** Exercise instructions **
In the listing that follows, find the line with "bumblebee on heather Stock Photo", then copy exactly from it through the line with "2024最新自然指数排名中国内地高校TOP200名单", leaving out every picture.

** Study material **
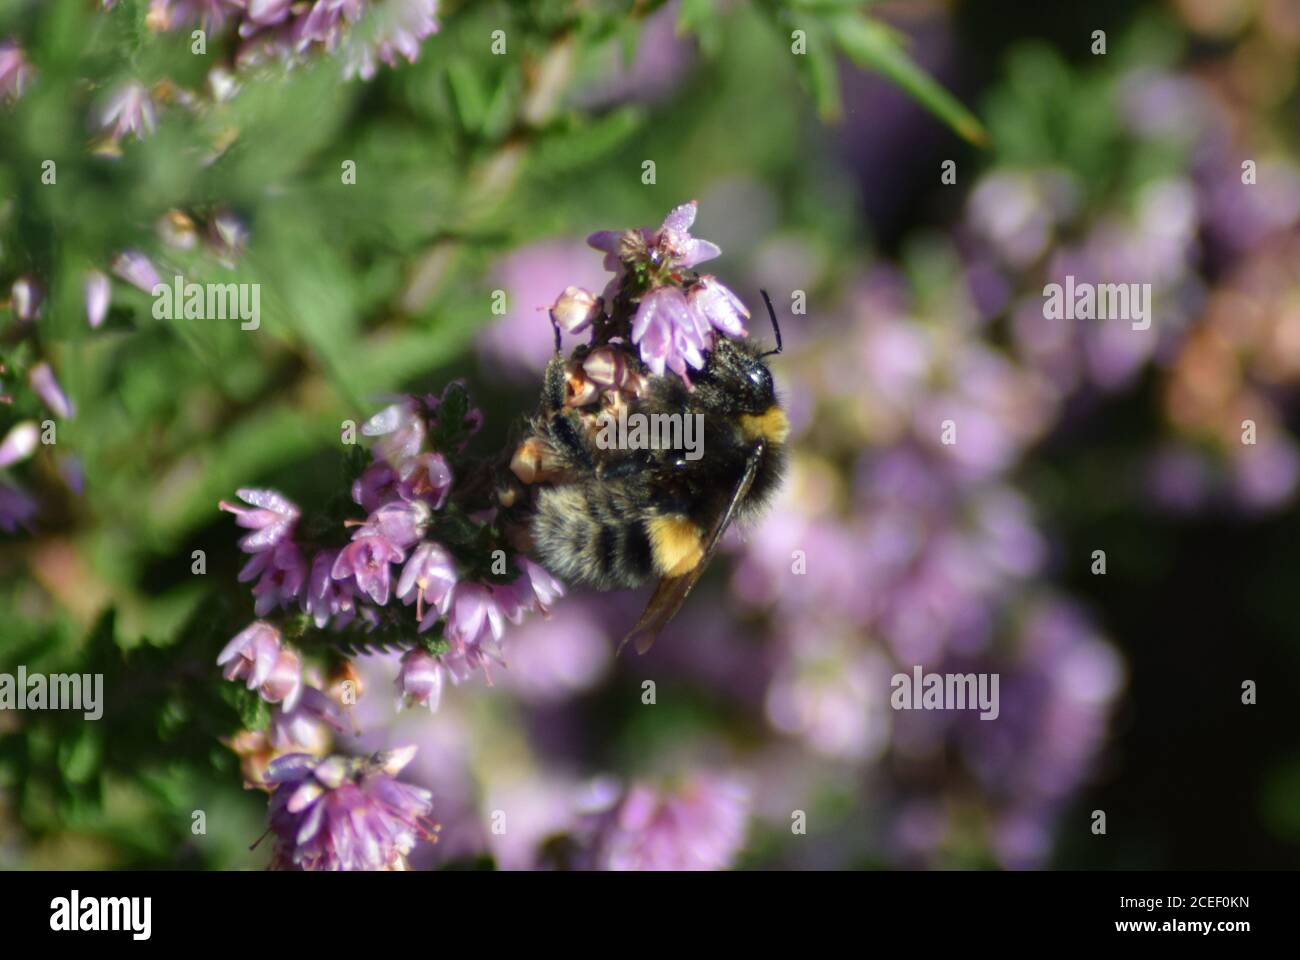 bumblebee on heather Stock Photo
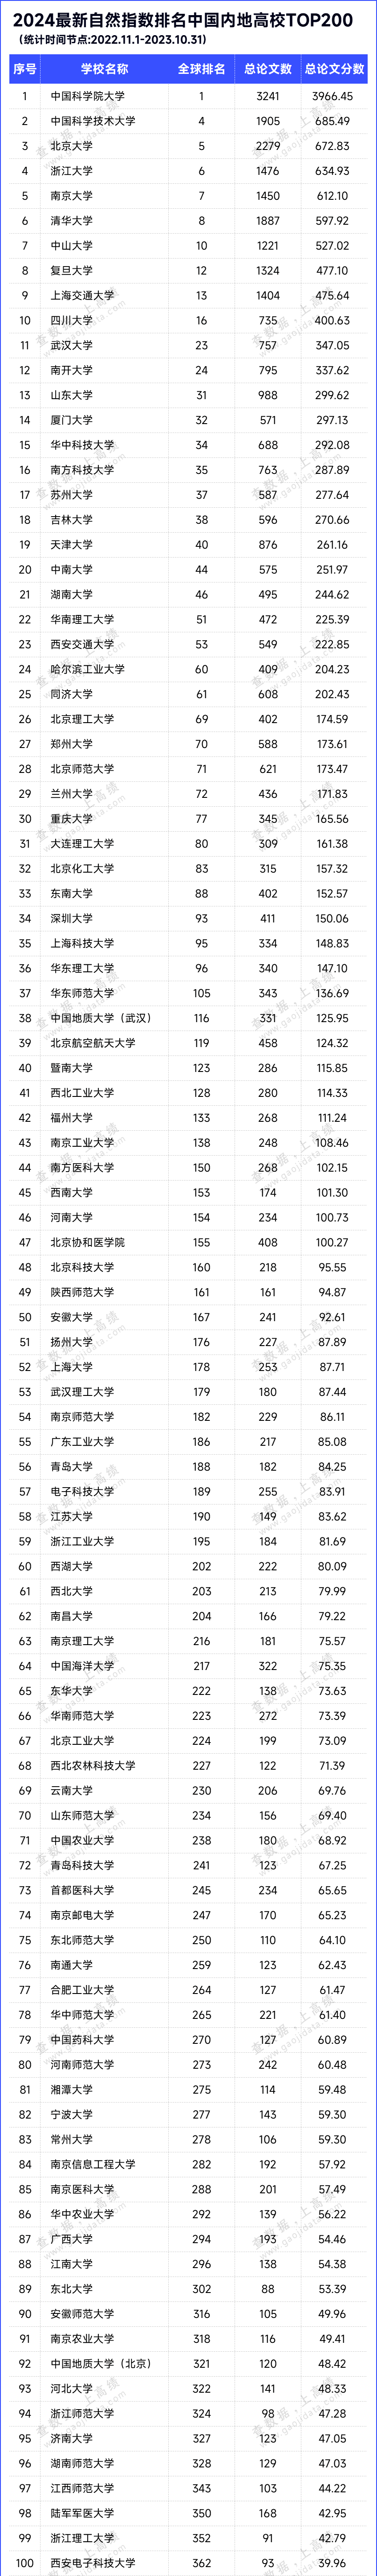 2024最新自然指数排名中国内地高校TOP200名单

==

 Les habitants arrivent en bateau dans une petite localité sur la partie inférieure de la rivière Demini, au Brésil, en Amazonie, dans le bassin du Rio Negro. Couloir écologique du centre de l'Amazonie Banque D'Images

* * *

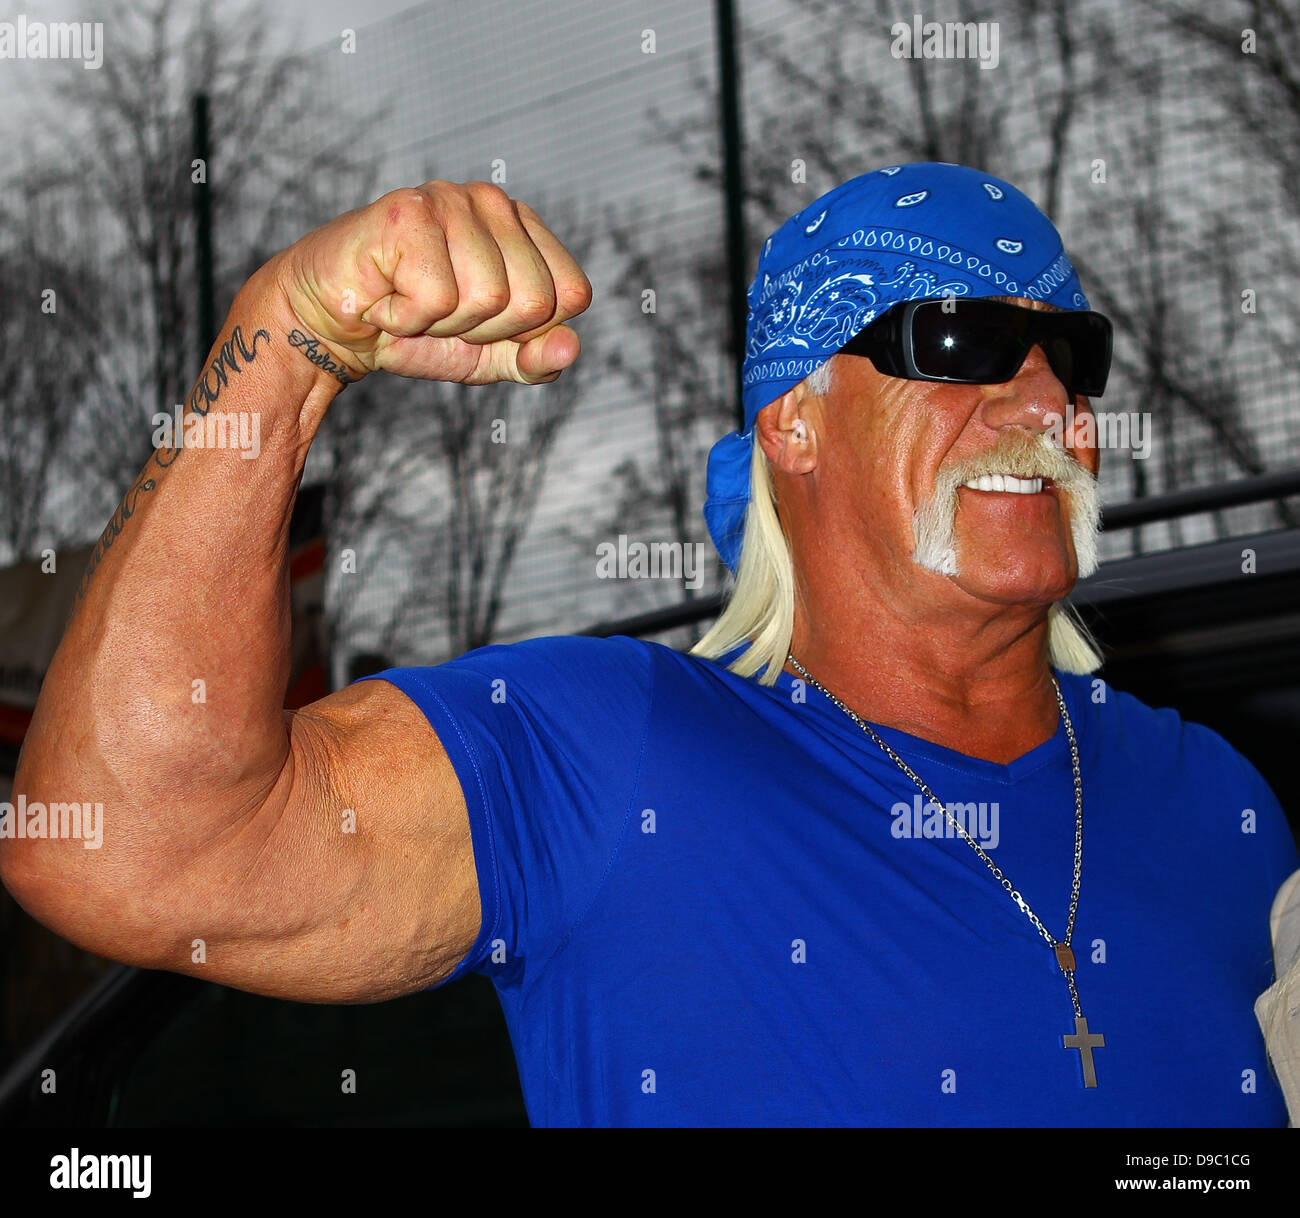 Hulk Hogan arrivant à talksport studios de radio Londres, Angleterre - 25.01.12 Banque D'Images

** Expected answer **
 bumblebee on heather Stock Photo
 2024最新自然指数排名中国内地高校TOP200名单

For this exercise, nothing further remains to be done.